Surviving the Week 7/13/12

Nvidia developer forums had been hacked, 400,000 user account compromised.

More games with “Who’s got the biggest bounty?”  400,000 is fairly respectable.  Remember back in the day when the bounty was credit card data?  Now it’s about getting large numbers of accounts.  Nvidia was prepared, they at least randomly salted their passwords cache to make it more difficult to crack.  Because users generally reuse passwords and to mitigate the same attack against all their internet facing forums, Nvidia took down a total of five websites as they investigated the compromise.  Good job Nvidia.  http://www.zdnet.com/nvidia-confirms-hackers-swiped-up-to-400000-user-accounts-7000000903/

7 lessons learned from the Yahoo Password Breach

This is a great article and well worth the read.  It’s easy to agree with the writer in that we all need to enforce better password management standards, from the app developers with stronger encryption (bCrypt), to users to stop using dictionary words or simple strings, even hacker-ease style is becoming obsolete, and even with regulators adjusting fines when certain standards are not met.  http://www.informationweek.com/news/security/attacks/240003692

Tumblr patched the critical Persistent XSS vulnerability

This is a fairly popular site and for them to take 3 weeks to fix a persistent cross site scripting vulnerability is a bit troublesome.  Kudos, at least they fixed it.  http://www.ehackingnews.com/2012/07/tumblr-patched-critical-persistent-xss.html

Globally, more than 300,000 people, including many in the US and UK, may have lost net access as the FBI shut down servers answering to the DNS Changer virus.

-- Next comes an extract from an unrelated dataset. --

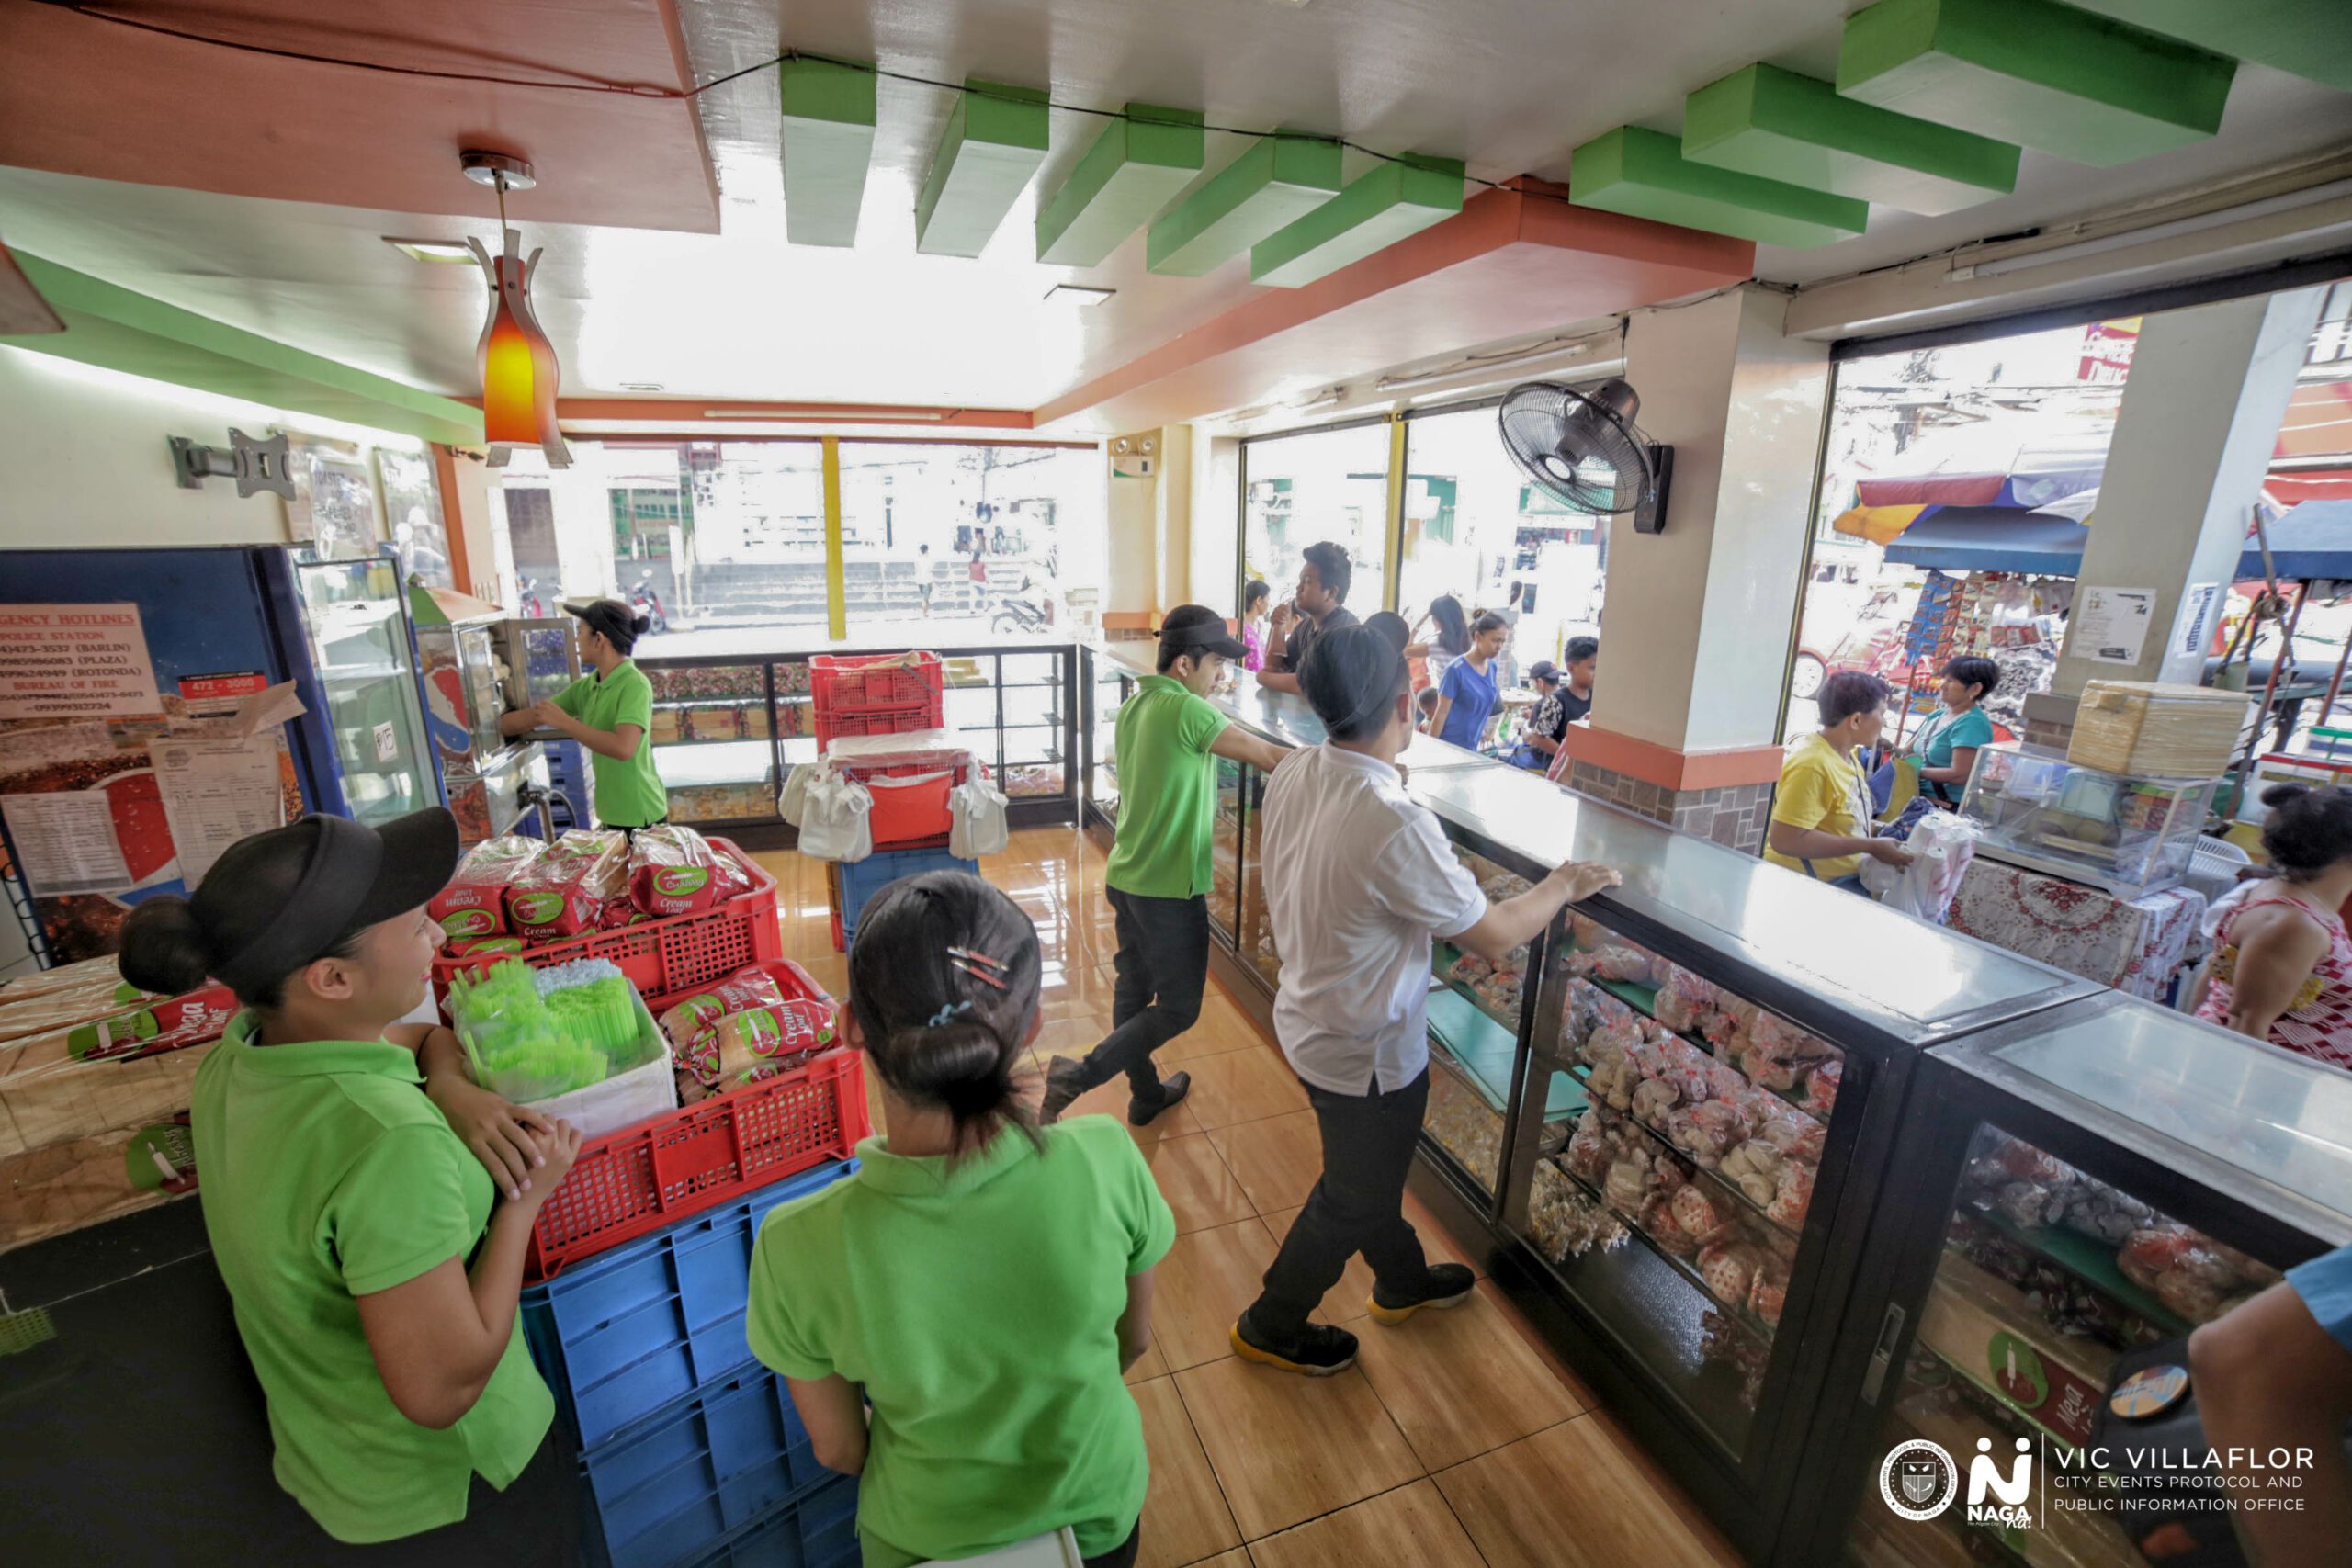 The Siopao Center's employees hard at work serving hungry patrons

This event has been in the recent news quite frequently.  There seemed to be a lot of speculation of greater impact than how this really played out.

Top 10 DNS Changer infections by Country

  • US – 69,517

  • Italy – 26,494

  • India – 21,302

  • UK – 19,589

  • Germany – 18,427

  • France, 10,454

  • China – 10,304

  • Spain – 10,213

  • Canada – 8,924

  • Australia – 8,518

More details can be found at –

http://packetstormsecurity.org/news/view/21217/Thousands-Hit-By-FBI-Net-Shut-Off.html

Formspring disables user passwords in security breach

Formspring is the place to share your perspective on anything. Formspring was attaked and they gave up their user name and password data.  Rightfully, they forced all their users to change their password. The CEO posted on his blog about the issue.  “We found that someone had accessed into one of our development servers and was able to extract account information from a production database. We were able to immediately fix the hole and are reviewing our internal security policies and practices to help ensure that this never happens again.

A few questions quickly come to mind;  Why are dev systems connected to production systems?  and  What is the vulnerability path for access to the dev system? such as an unpatched system or through SQLi of a dev web application.

Recently, we heard of similar issues from LinkedIn, Yahoo, Nvidia, and e-Harmony where web apps provided the path to the user data.

Review your application with NTOSpider to find out vulnerabilities in your application, engage NTObjectives professional team to verify other mitigation controls.

http://packetstormsecurity.org/news/view/21228/Formspring-Disables-User-Passwords-In-Security-Breach.html

Microsoft Security Bulletin

Microsoft released patches earlier this week which included two critical fixes for vulnerability in Internet Explorer. Patch those Windows.